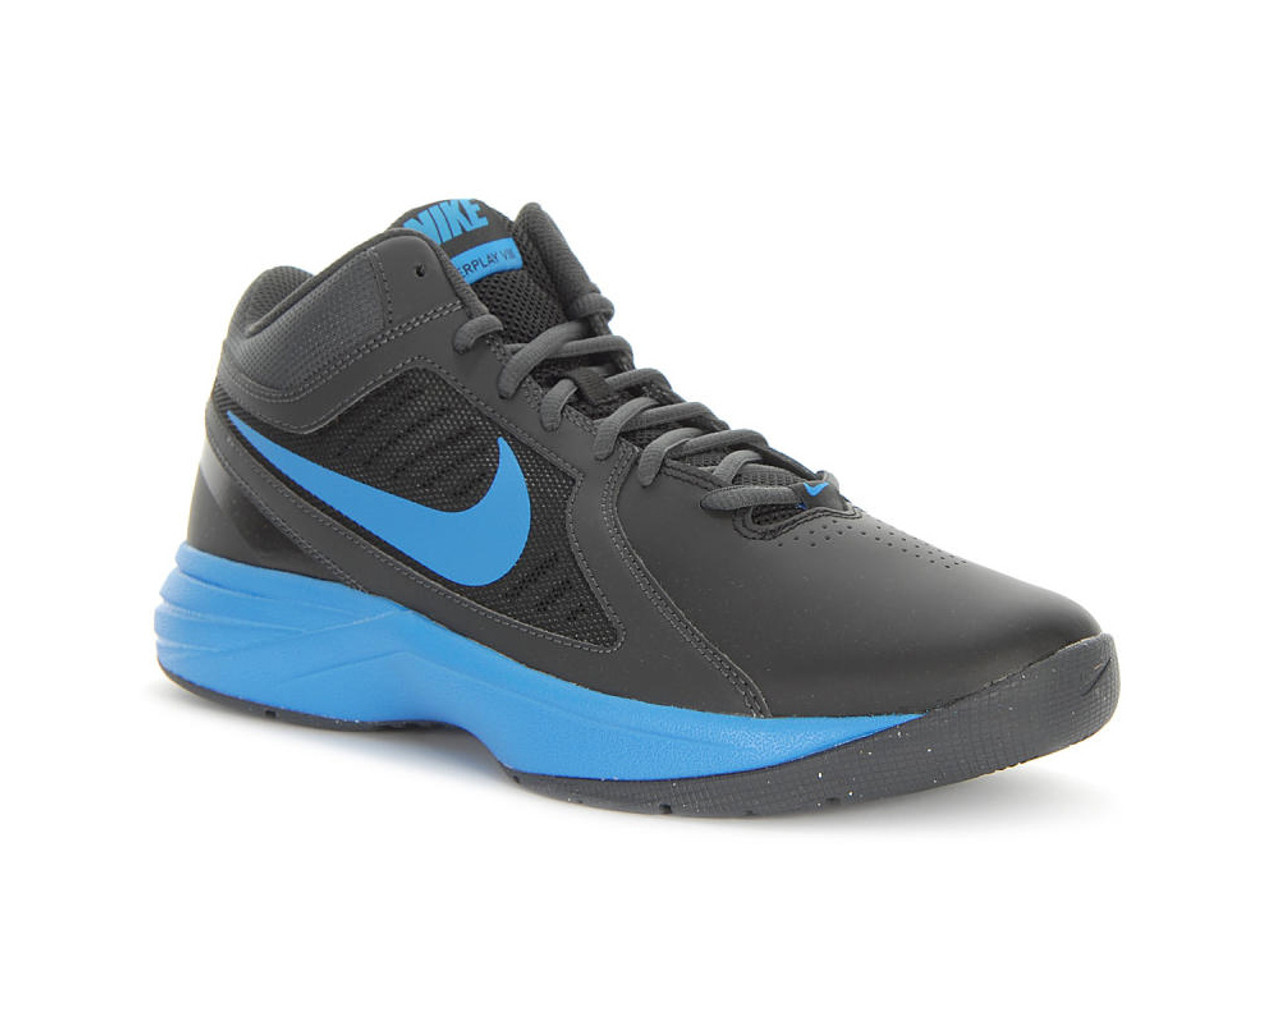 Nike Men's The Overplay VIII Basketball Shoes - Black | Discount Nike Men's  Athletic & More - Shoolu.com | Shoolu.com
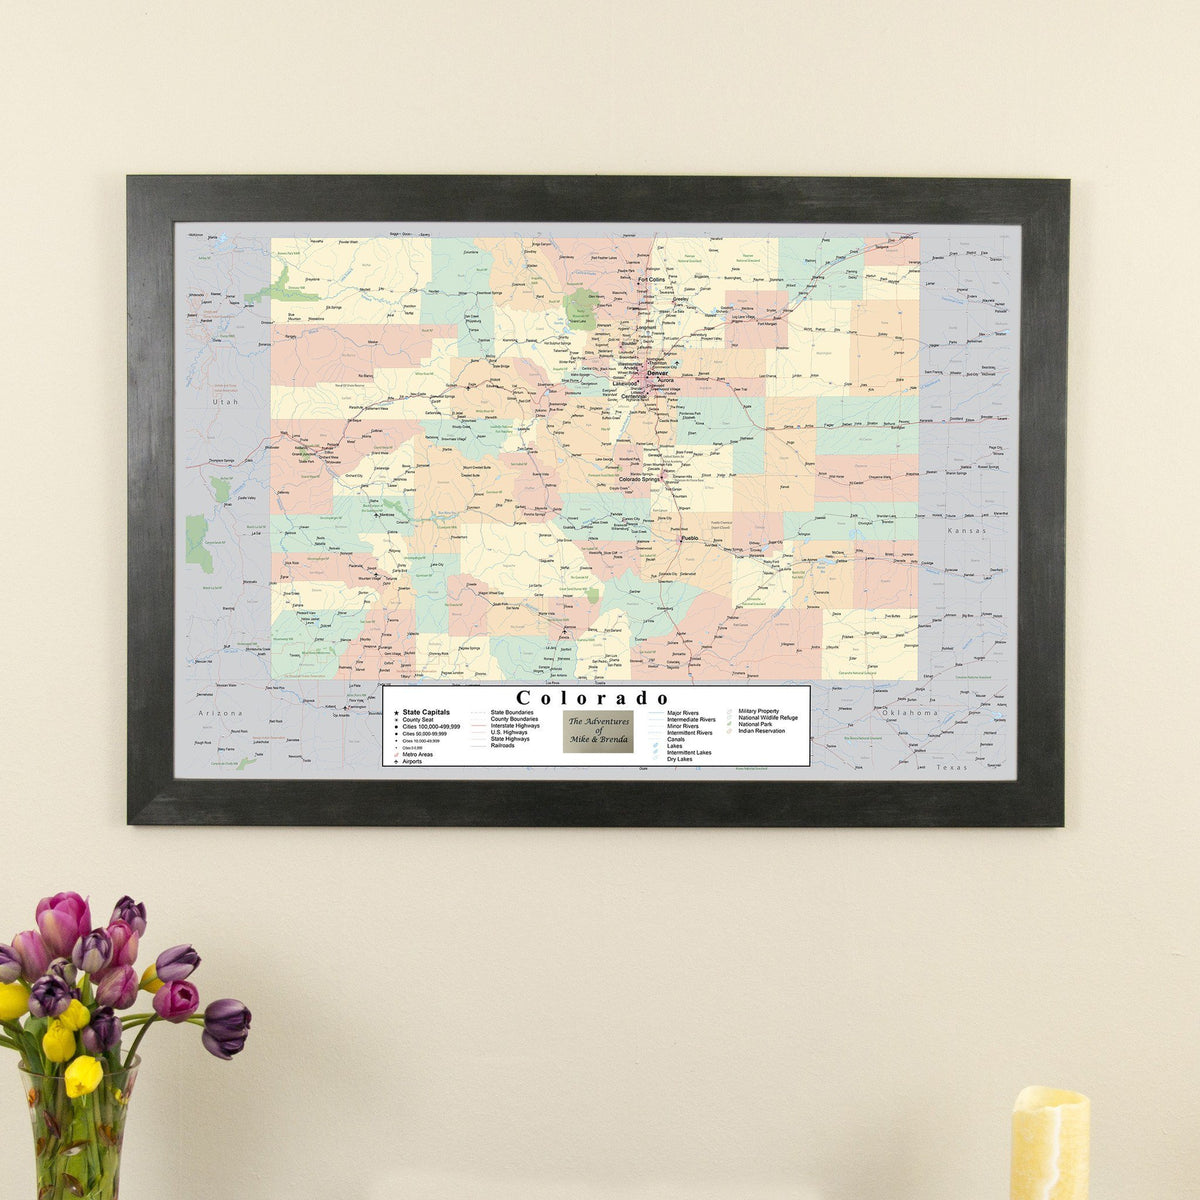 Colorado Push Pin Travel Map in Rustic Black Frame
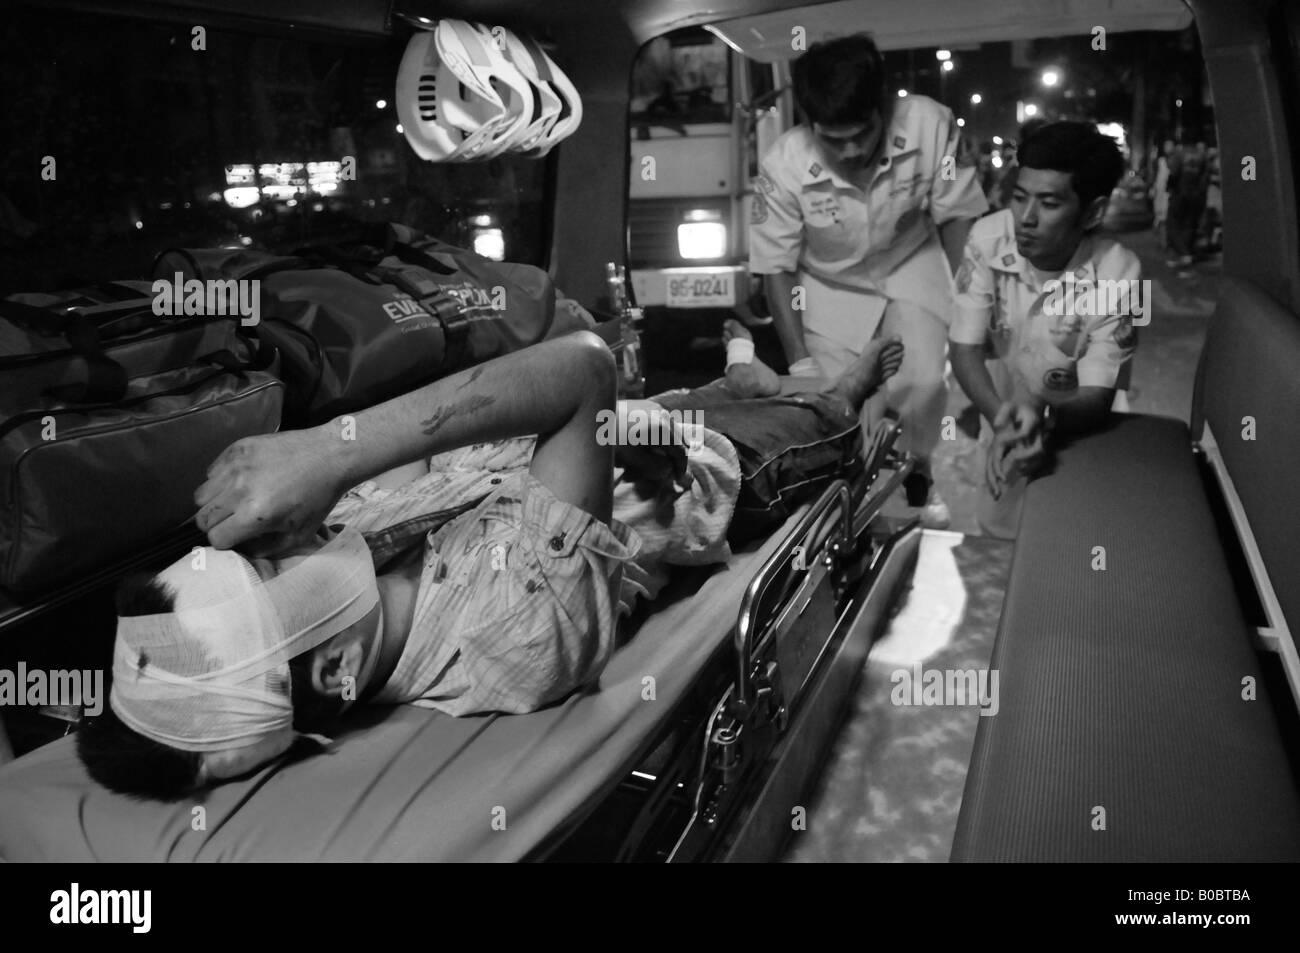 ruamkatanyu foundation (bodysnatchers) assisting injured motorcyclist, bangkok , thailand Stock Photo
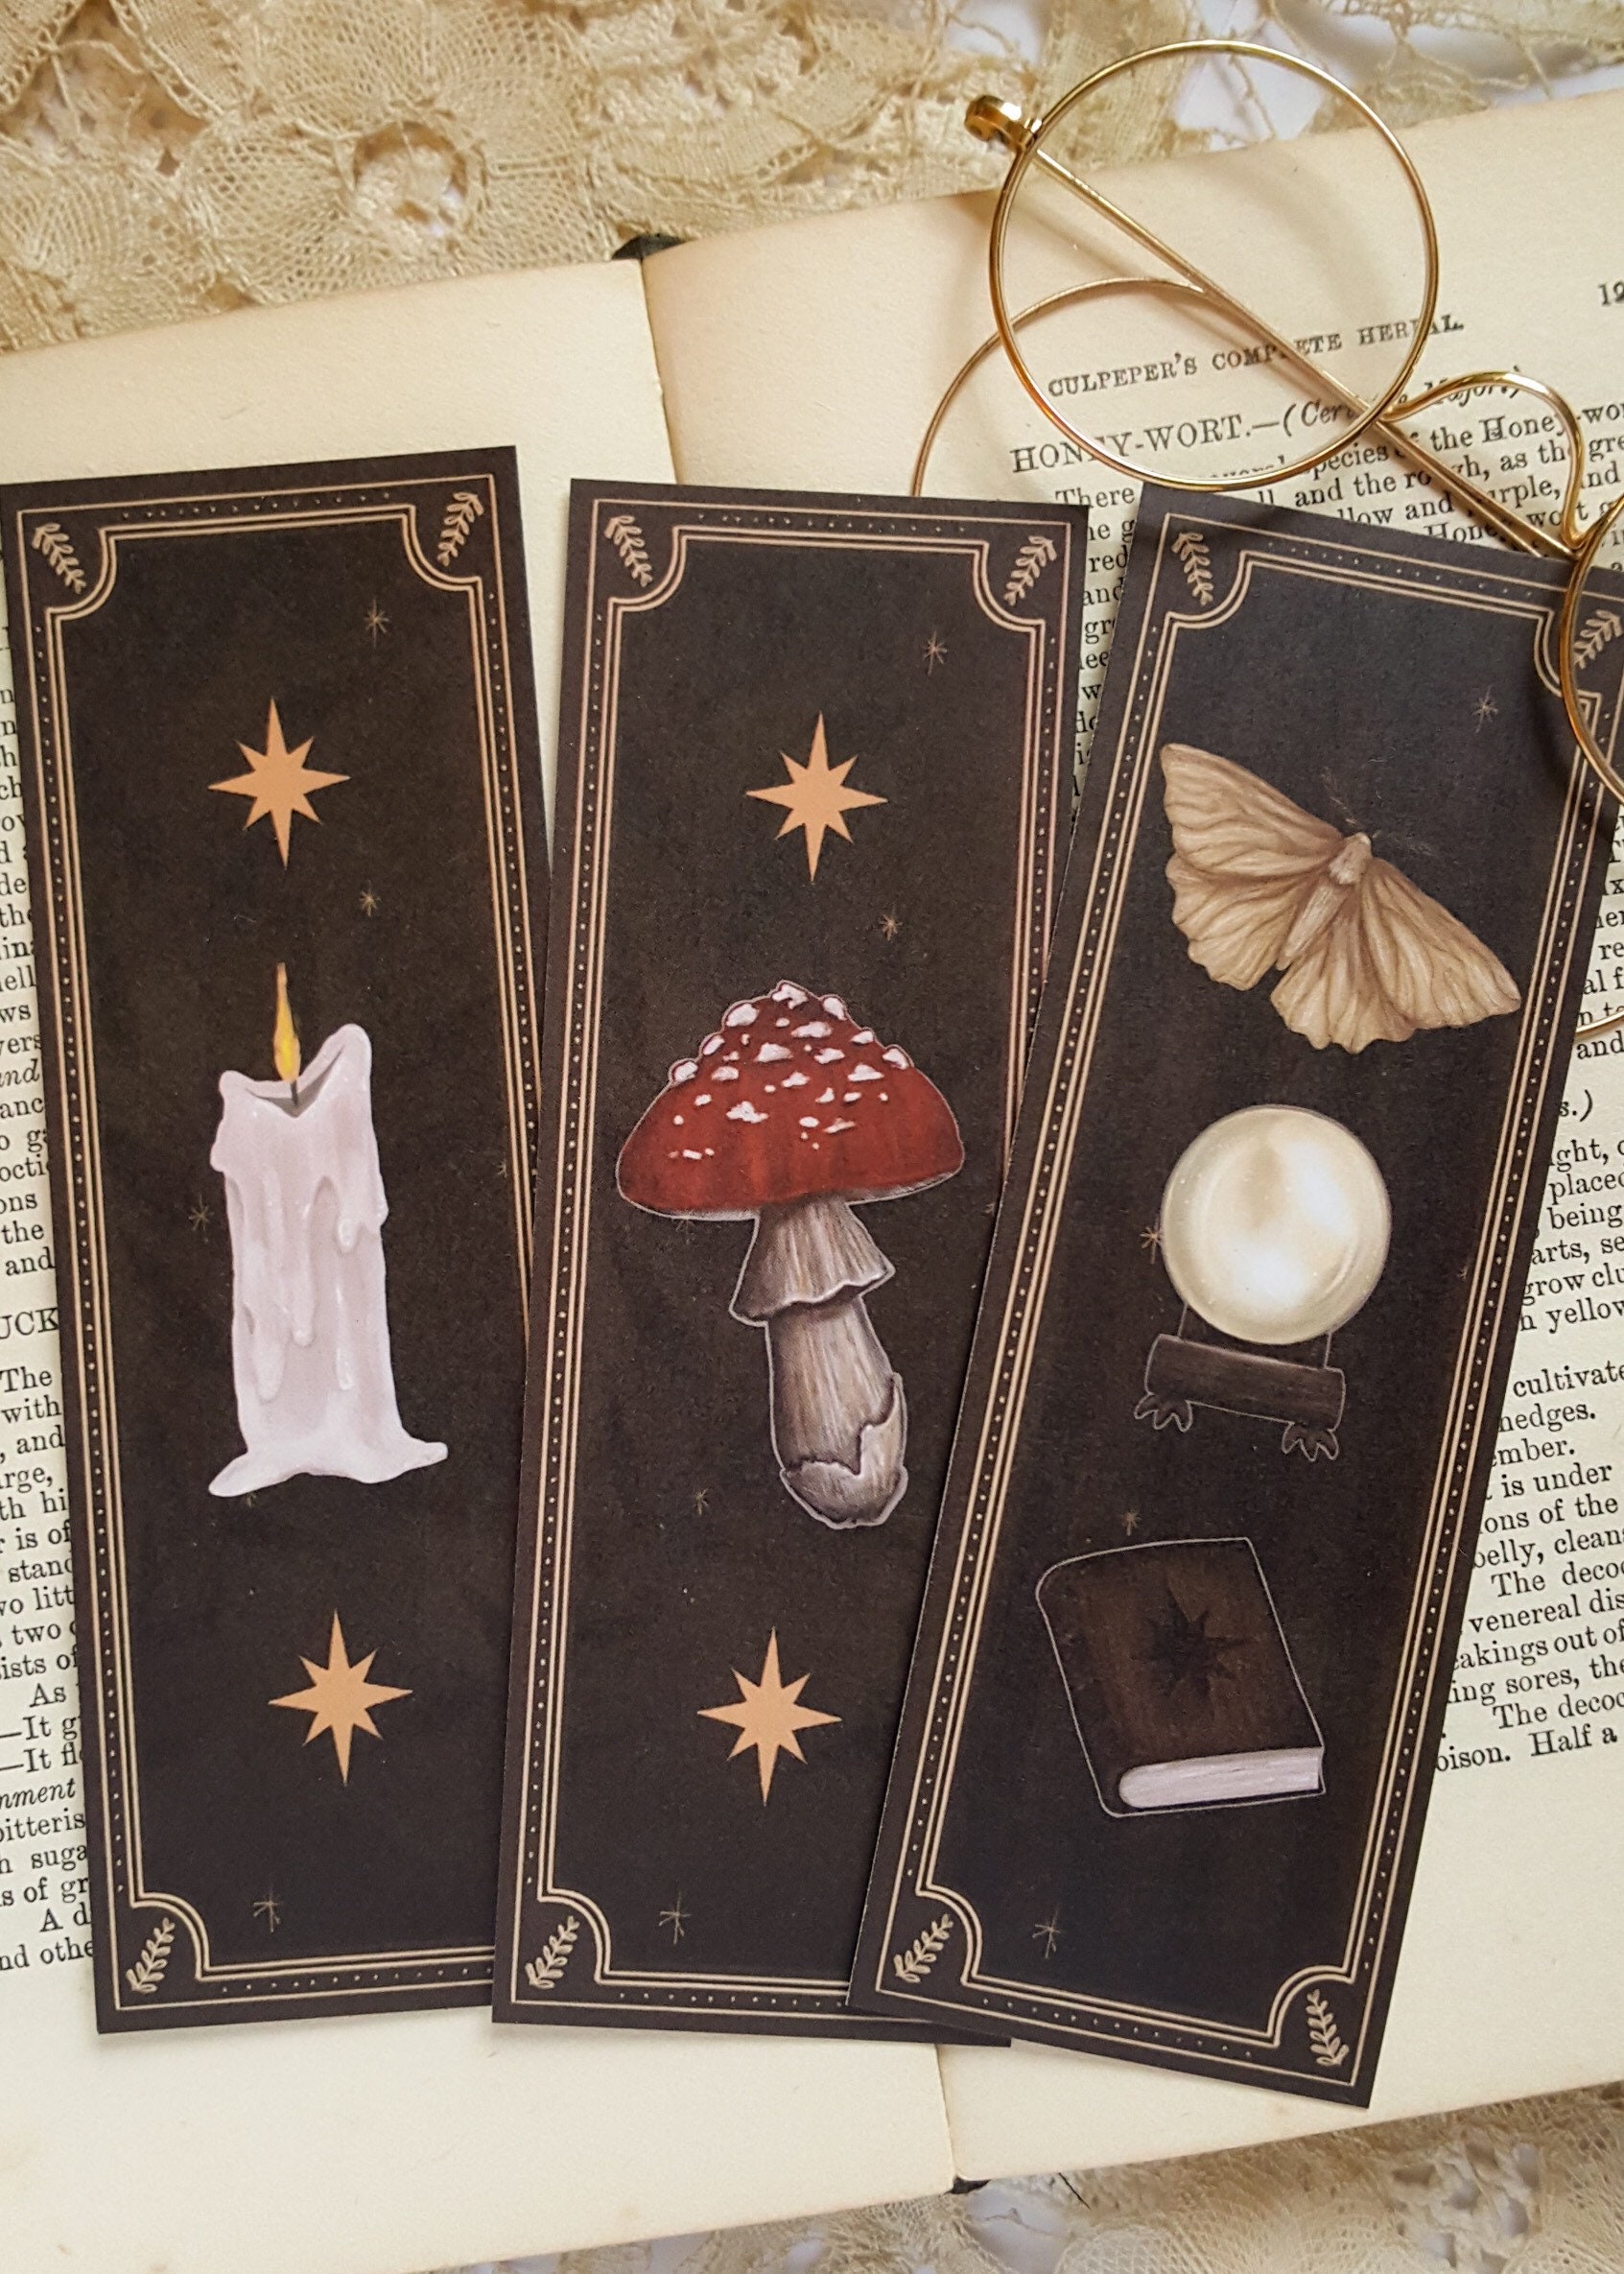 Mushroom bookmark with tassel, retro mushroom bookmark, book lover gift,  cottage core bookmark

* [Brief] Repeat all the data as it stands, dropping any images it holds.

* [Answer to this exercise]
 Nike Men's The Overplay VIII Basketball Shoes - Black | Discount Nike Men's  Athletic & More - Shoolu.com | Shoolu.com
 Colorado Push Pin Travel Map in Rustic Black Frame
 ruamkatanyu foundation (bodysnatchers) assisting injured motorcyclist, bangkok , thailand Stock Photo
 Mushroom bookmark with tassel, retro mushroom bookmark, book lover gift,  cottage core bookmark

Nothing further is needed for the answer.